12. November 2023, 18 Uhr
Reformationskirche Köln-Marienburg
Während der deutsch-französische Komponist Mark Andre (*1964) in seinen Werken nach der Stille greift, bevorzugen barocke Tondichter den opulenten Klang, um das Leben und ihren Gott zu loben. In „Silent Voices“ begegneten sich beide kompositorischen Wege und verschmolzen sogar zwischendurch in einer großen Klangcollage.
Das Stück „3“ für sechs Stimmen von Mark Andre ist ein sphärisch schwebendes Gebilde, das nach innerem Frieden und spiritueller Erfahrung strebt. Spurensuche und theologische Aussage zugleich, verkörpert das komplexe Werk zeitgenössische geistliche Musik, ohne Kirchenmusik im herkömmlichen Sinne zu sein. Für Komponisten wie Bach und Schütz hingegen war die Vermittlung religiöser Kernbotschaften an formale und harmonische Leitlinien gekoppelt und entsprach damit den Vorstellungen der Barockzeit. Mit kraftvollen Stimmen und in vollem Ornat rufen Chöre nach Frieden und geben der Zuversicht ein prächtiges Gewand.
Samuel Dobernecker, Musikalischer Leiter des Konzertabends mit einem Programm voll musikalischer Brüche und Gegensätze, bespielte mit sechs Solisten, einem Projektchor und einem Instrumentalensemble den sakralen Raum mit barockem Wohlklang und mit vertonter Stille. Dabei ermöglichte er Entdeckungen wie die von Jonathan Harvey komponierten „Angels“ und Reiko Fütings Chorwerk „als ein licht“, das Zitate aus Heinrich Schütz’ Chormusik auseinandernimmt und in neue zeitliche Dimensionen sortiert.
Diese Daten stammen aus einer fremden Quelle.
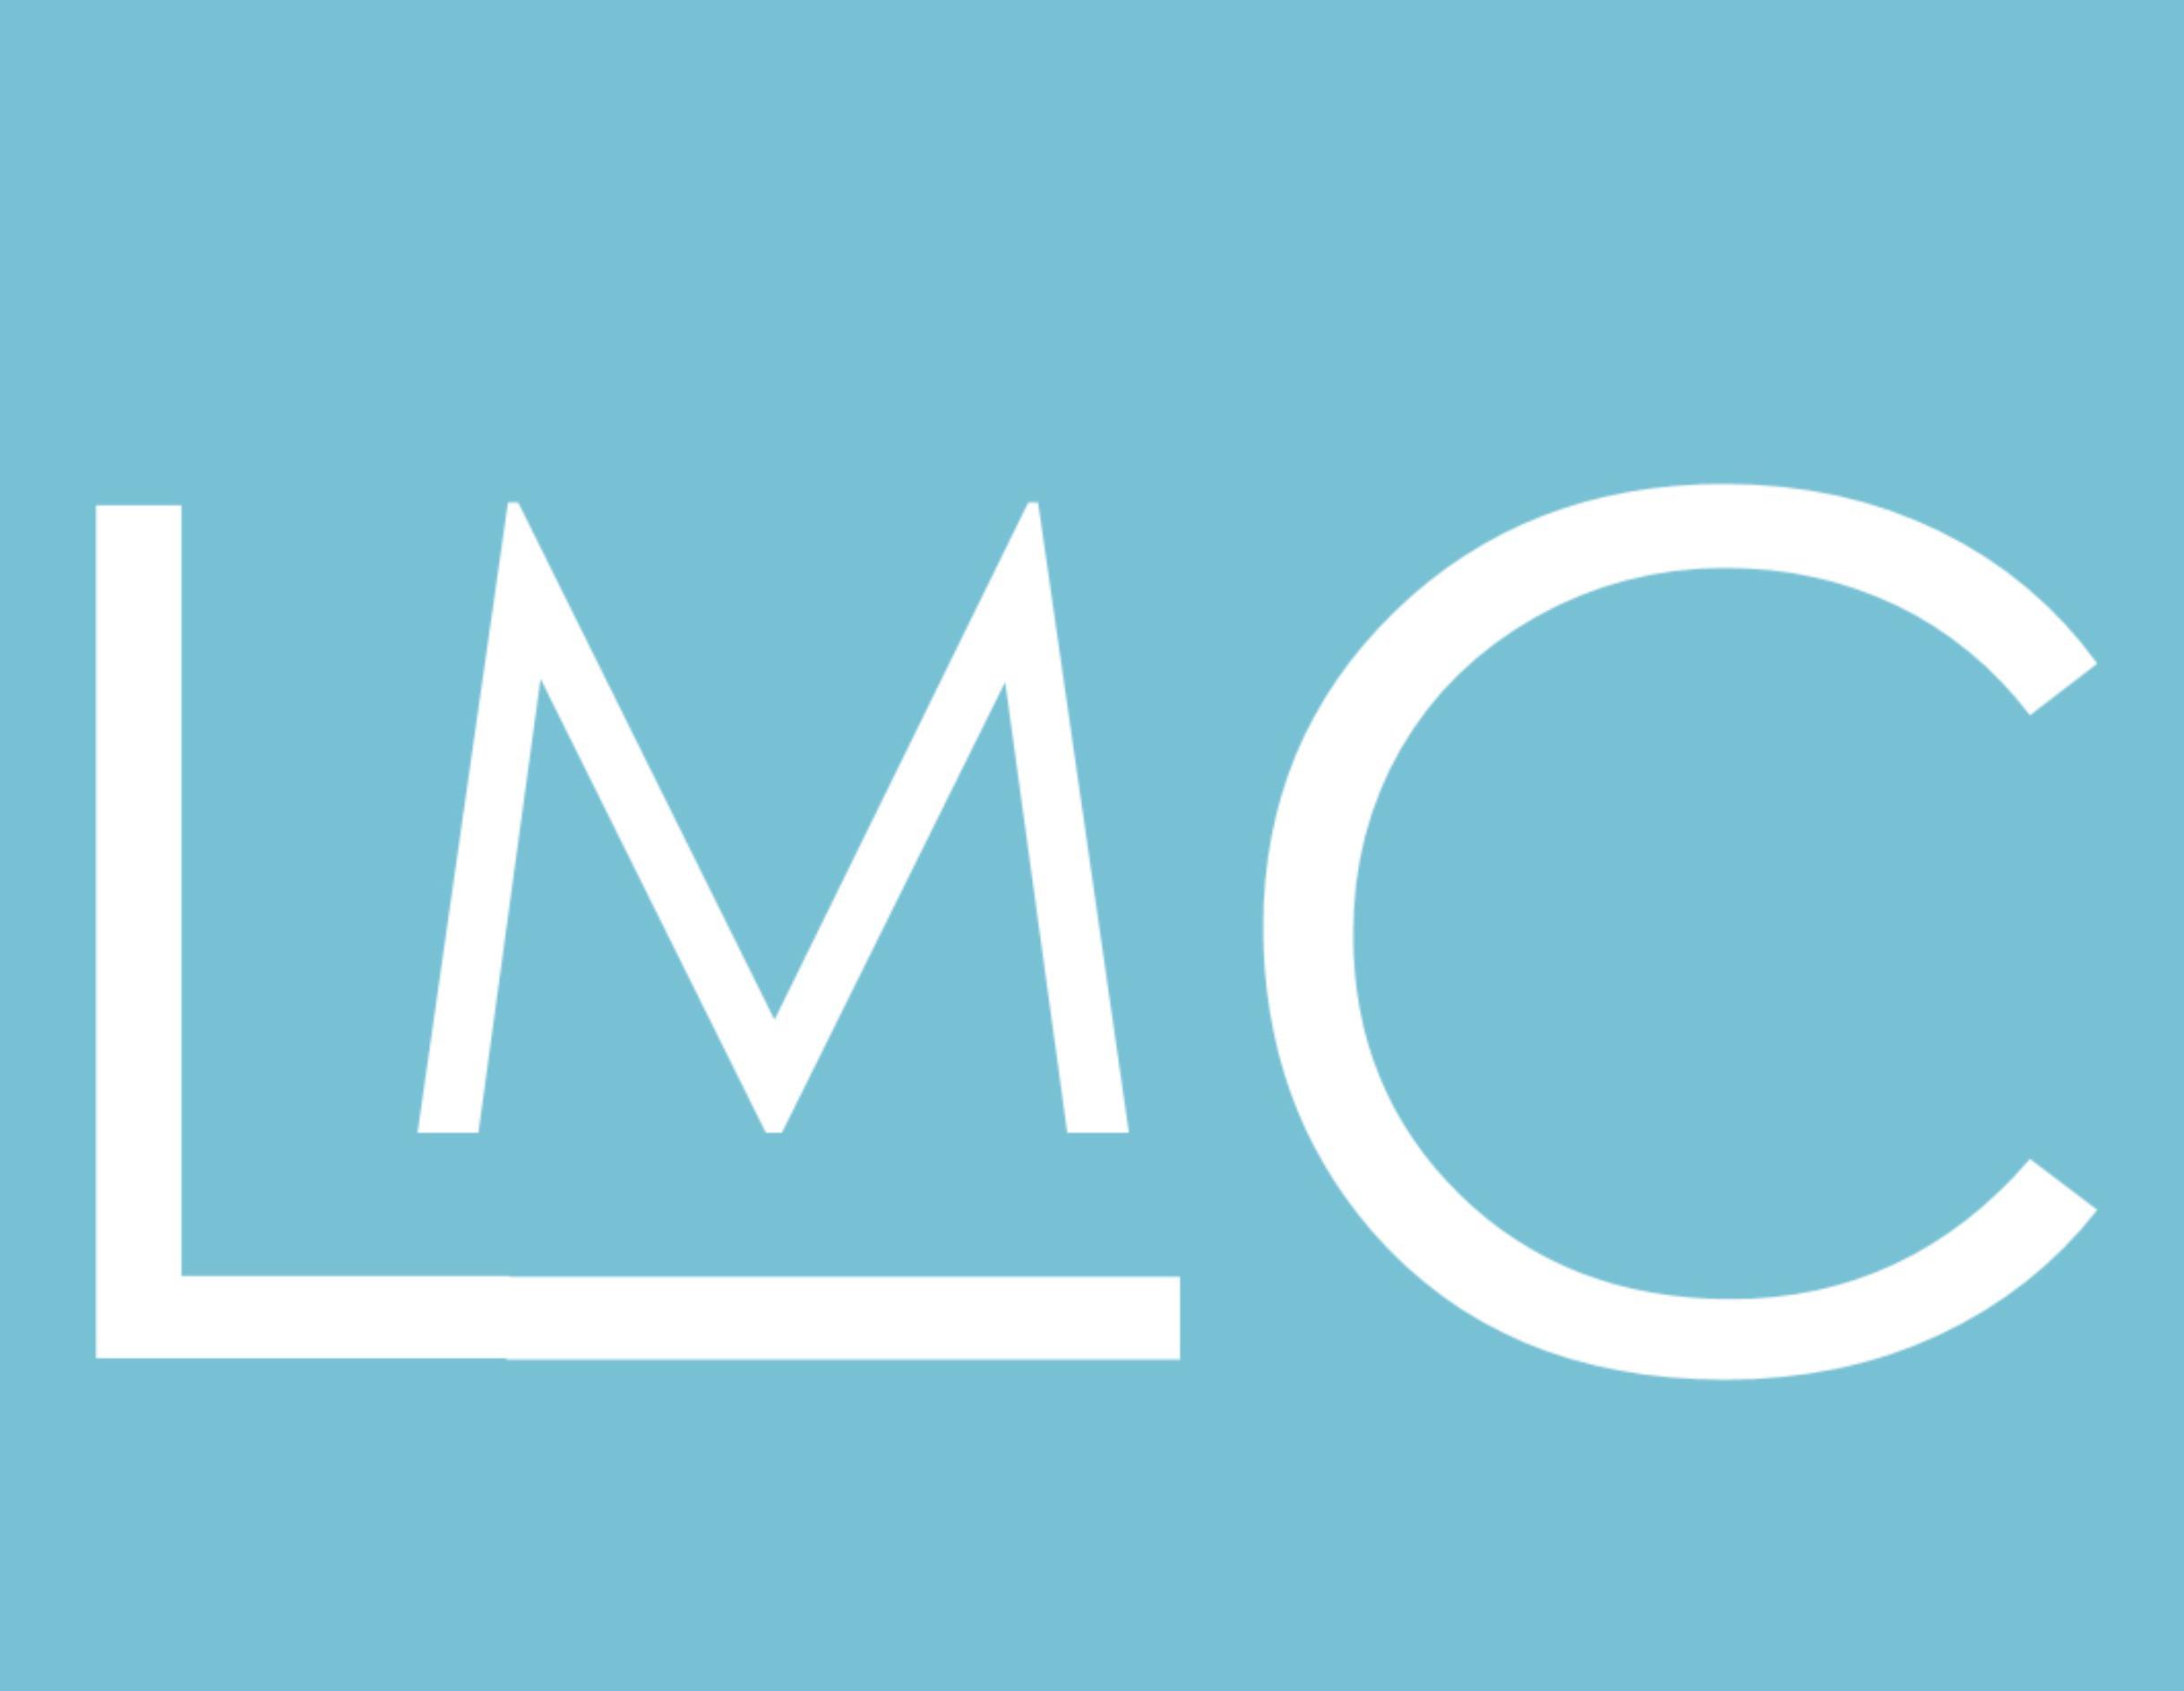 LMC Logo Only

Mit einer Collage in A-Dur wagte Dobernecker ein musikalisches Experiment Musik von J.S. Bach, H. Schütz und J. Allende-Blin kreuzten, überlagerten und verbanden sich. Die Ensembles nutzten dafür den gesamten Kirchenraum und schufen durch die Auflösung der Struktur eine spannende Neukomposition über die angemessene Art und Weise, Gott in unserer Welt zu loben.
Stille und Jubel, Kontemplation und Zelebration bildeten in „Silent Voices“ ein Wechselspiel, das dazu einlud, unterschiedliche Zugänge zum Jenseitigen zu erleben und sich in verschiedenartige Klangwelten zu versenken.
Der Musiker, Organist und Chorleiter Samuel Dobernecker erhielt einen Förderpreis für sein bisheriges Werk im Bereich der Neuen Musik, insbesondere als Initiator vielfältiger experimenteller und transdisziplinärer Projekte im kirchlichen Raum. Die Stiftung zeichnete damit sein besonderes Engagement für die Vermittlung zeitgenössischer Musik im Kontext aktueller gesellschaftlicher, ästhetischer und geistlicher Diskurse aus. Der Förderpreis ist nicht zweckgebunden und mit 2.500 Euro dotiert.